### What you have to do
For this exercise, reproduce only the lines from the one holding "N309NV - Airbus A319-111 - Allegiant Air" through the final line of the data below, exactly, and omit pictures.

### Records supplied
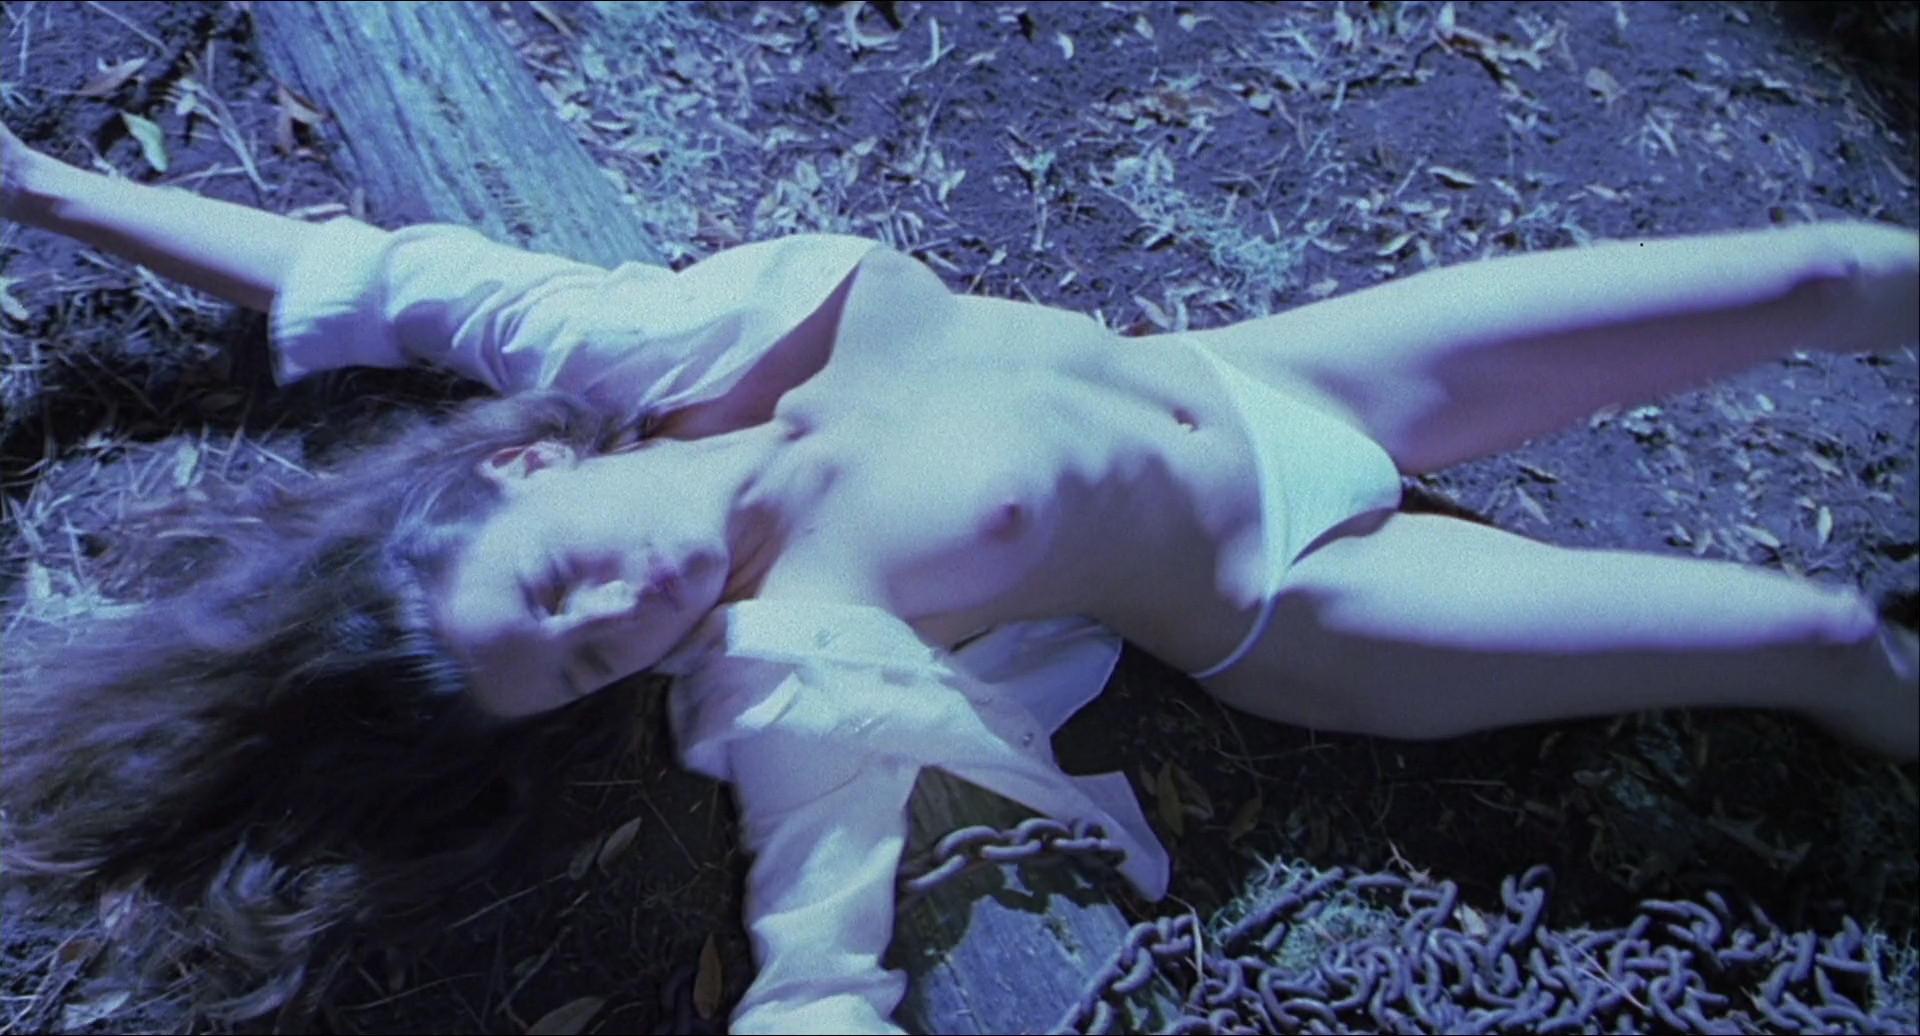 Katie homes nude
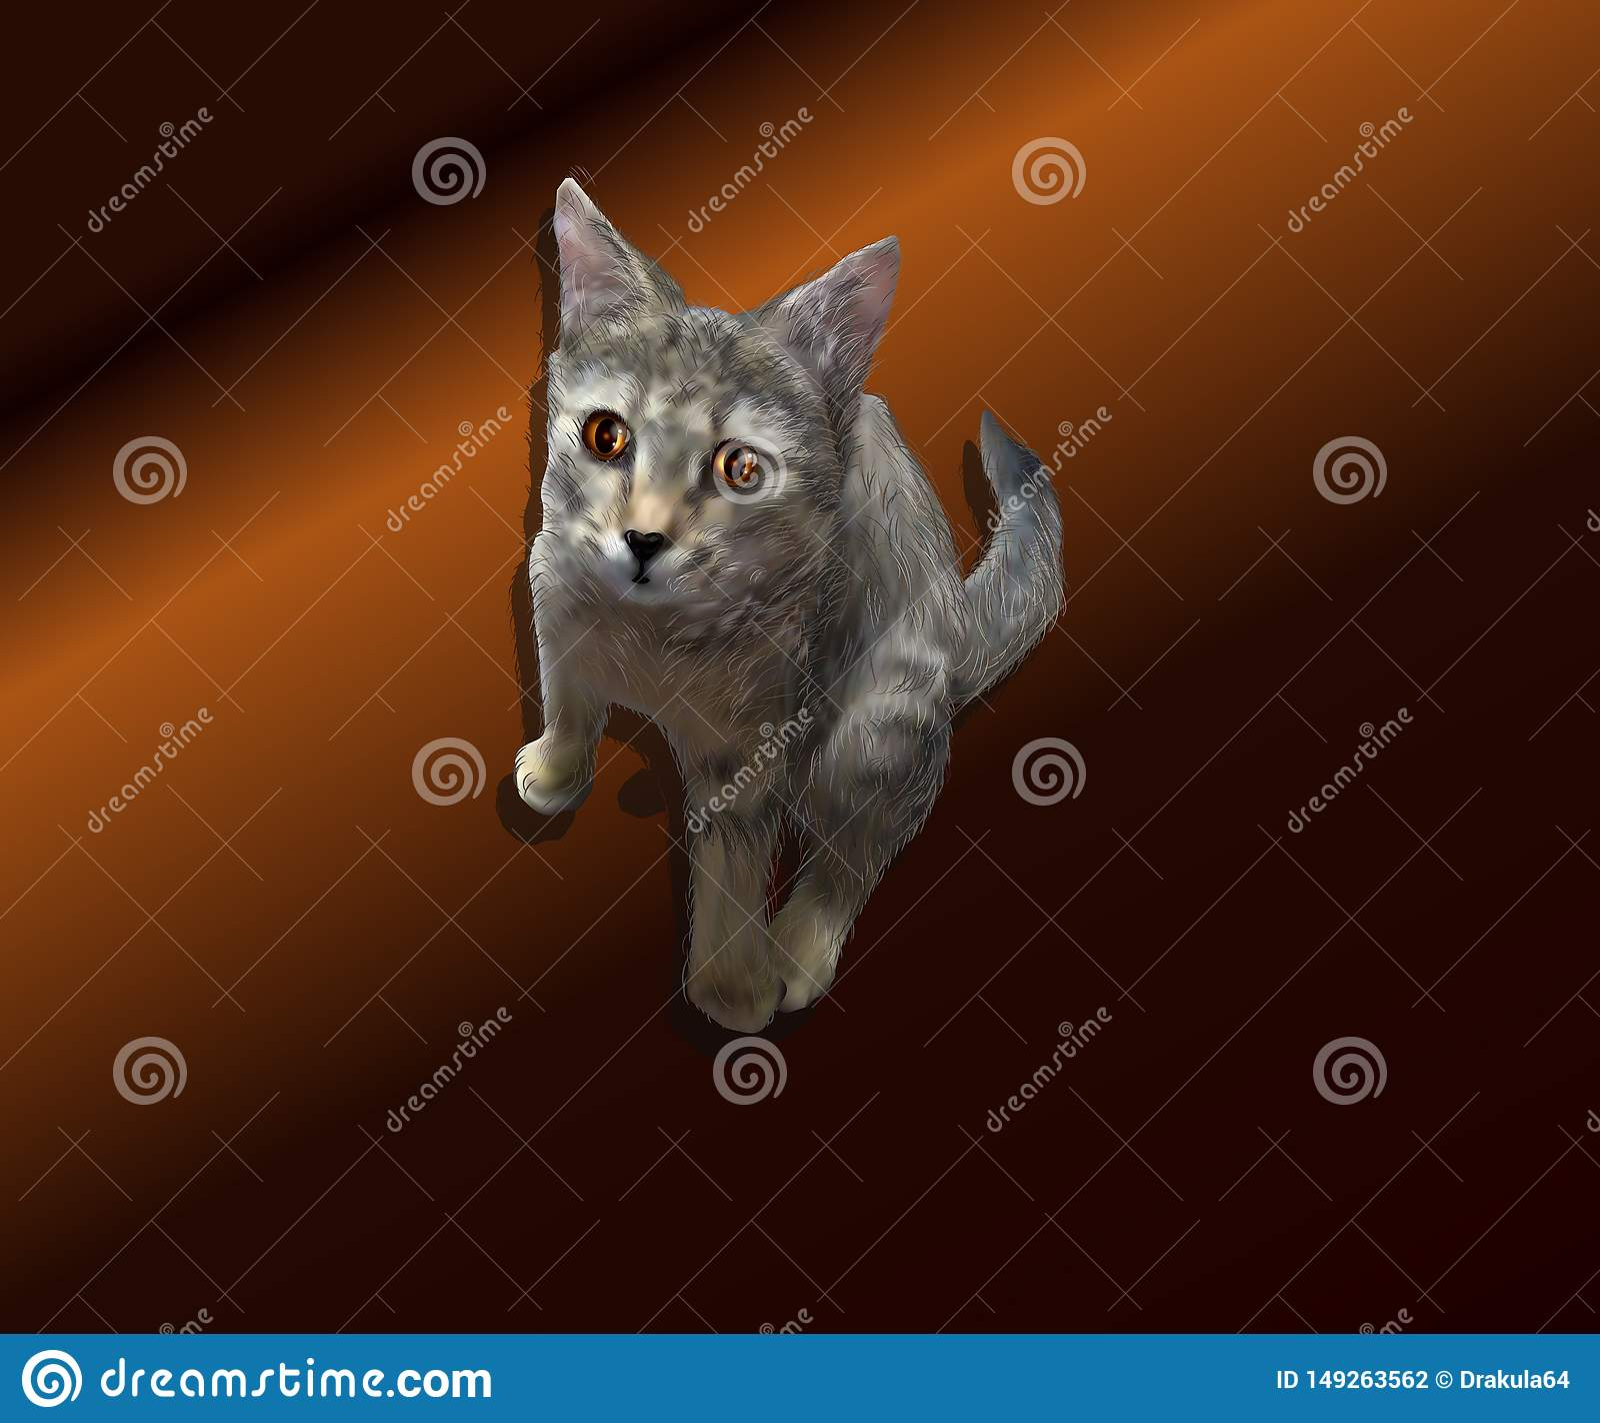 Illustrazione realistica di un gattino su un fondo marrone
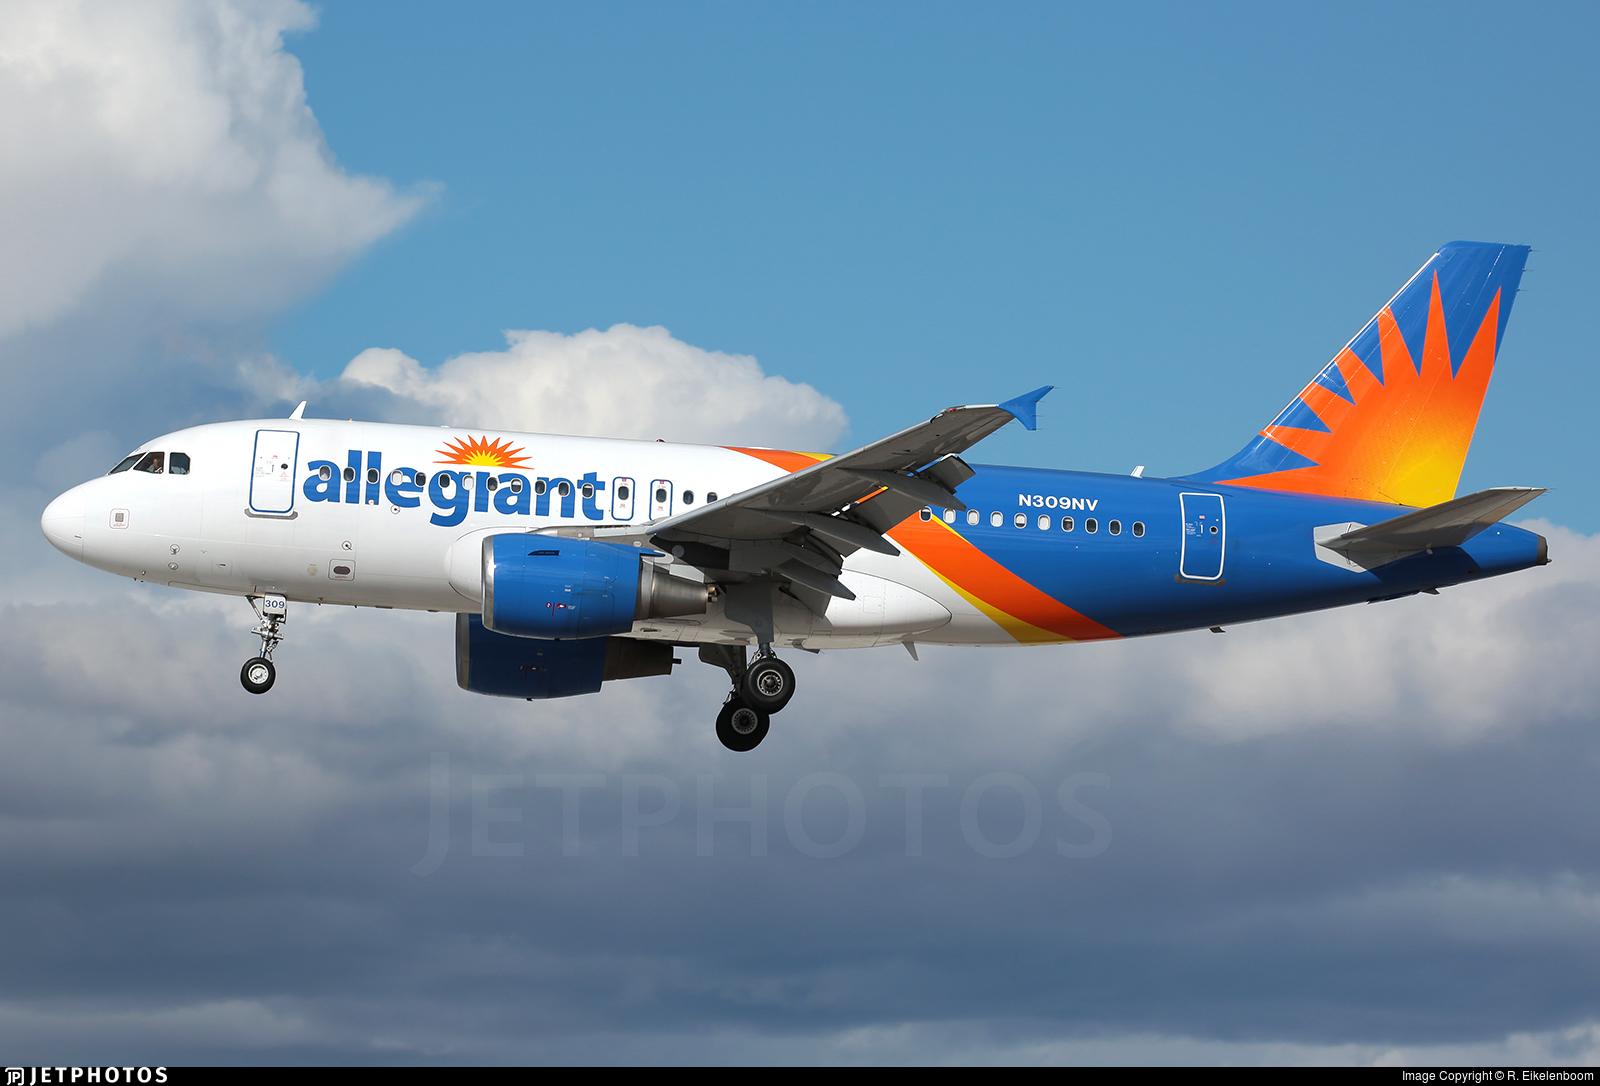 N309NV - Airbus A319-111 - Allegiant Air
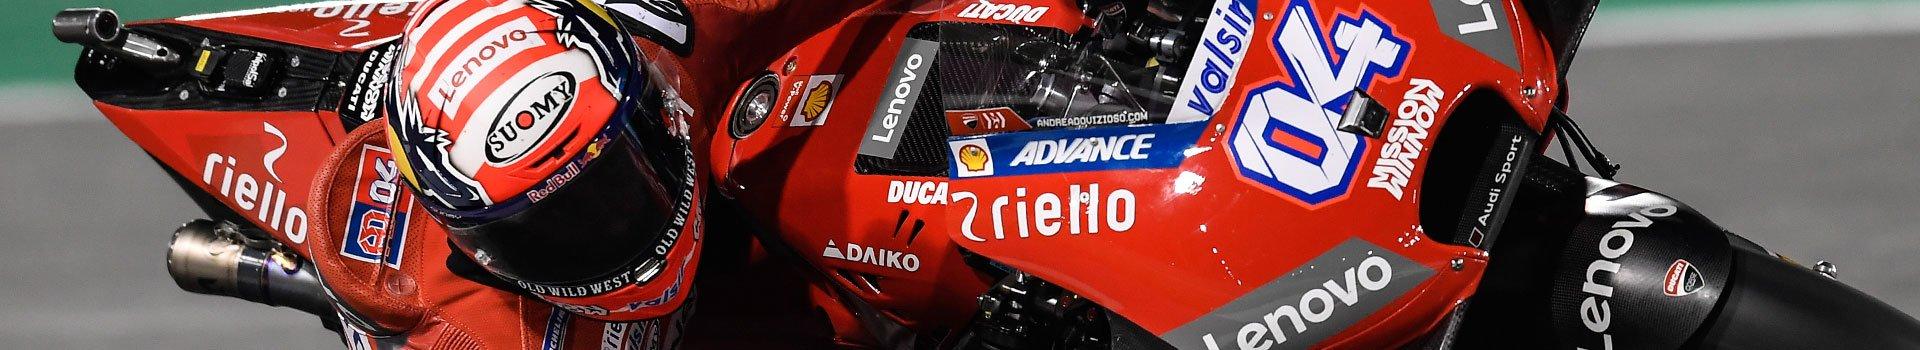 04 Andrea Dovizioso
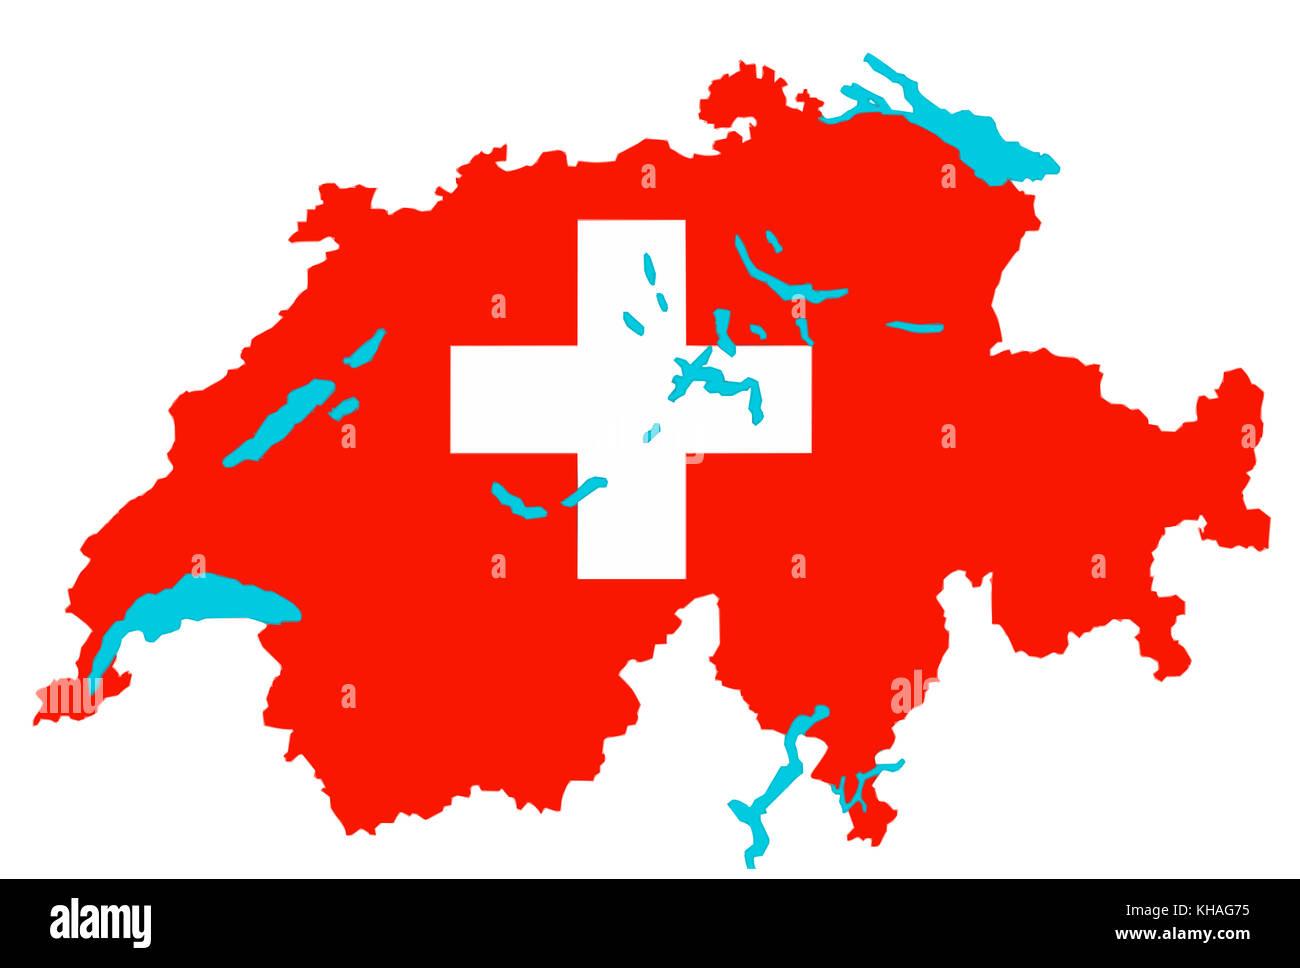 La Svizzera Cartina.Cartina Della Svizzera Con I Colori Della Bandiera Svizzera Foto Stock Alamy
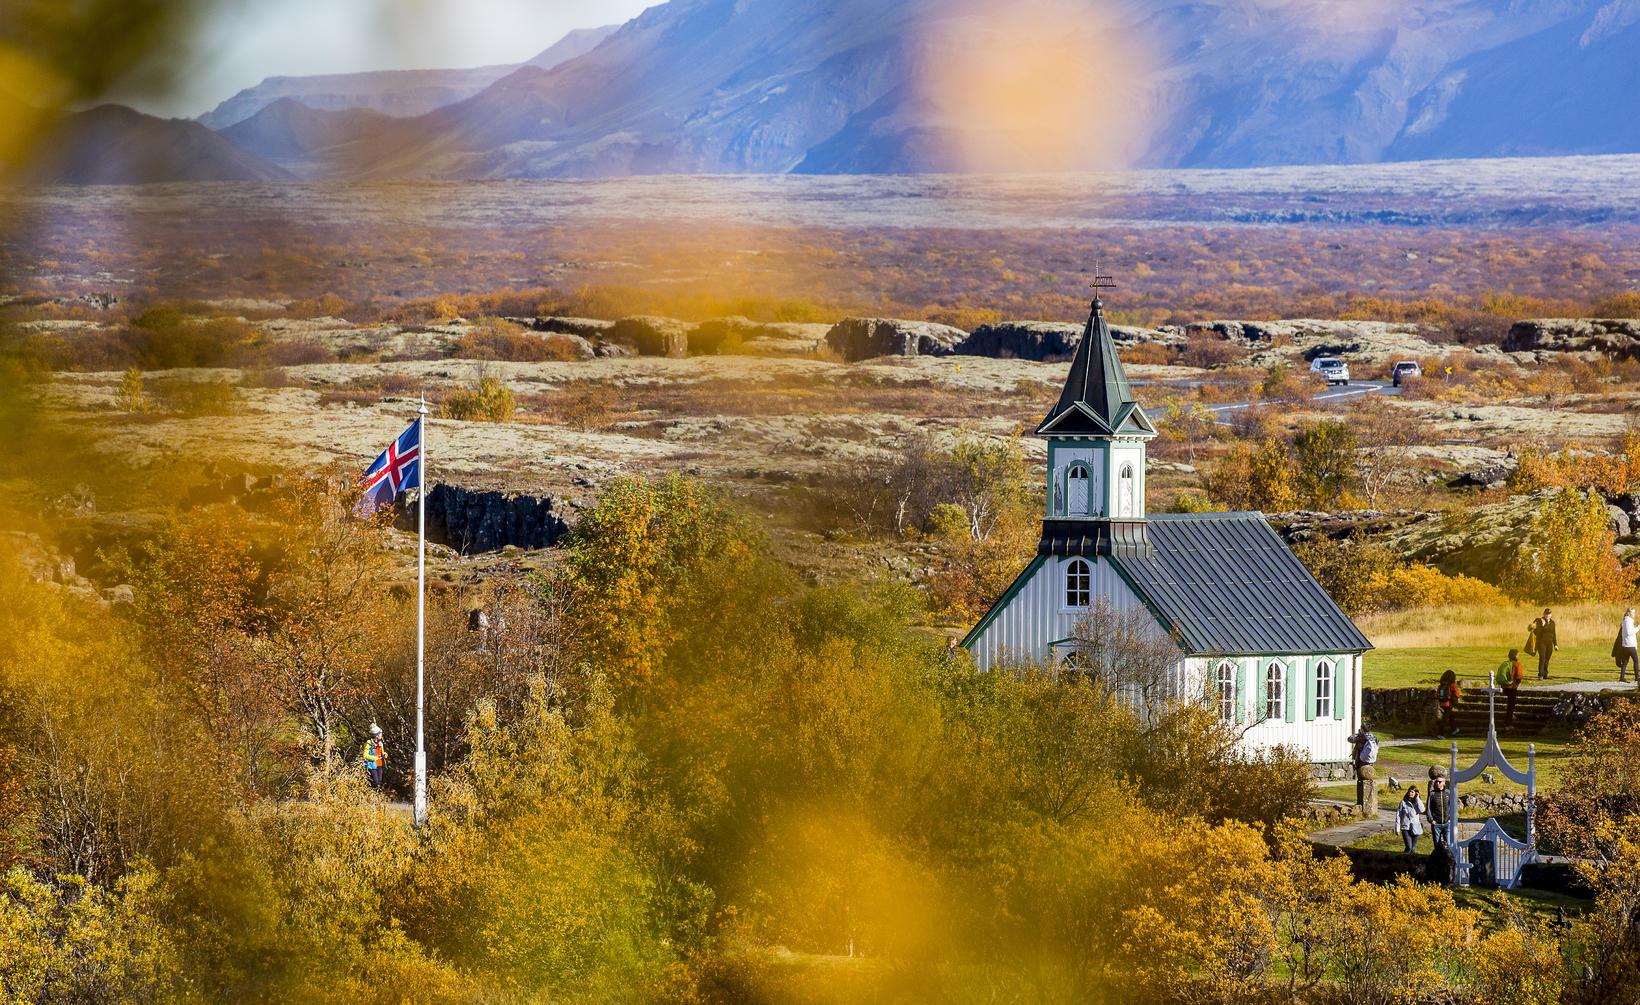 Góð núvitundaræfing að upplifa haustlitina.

### Response area
 N309NV - Airbus A319-111 - Allegiant Air
 04 Andrea Dovizioso
 La Svizzera Cartina.Cartina Della Svizzera Con I Colori Della Bandiera Svizzera Foto Stock Alamy
 Góð núvitundaræfing að upplifa haustlitina.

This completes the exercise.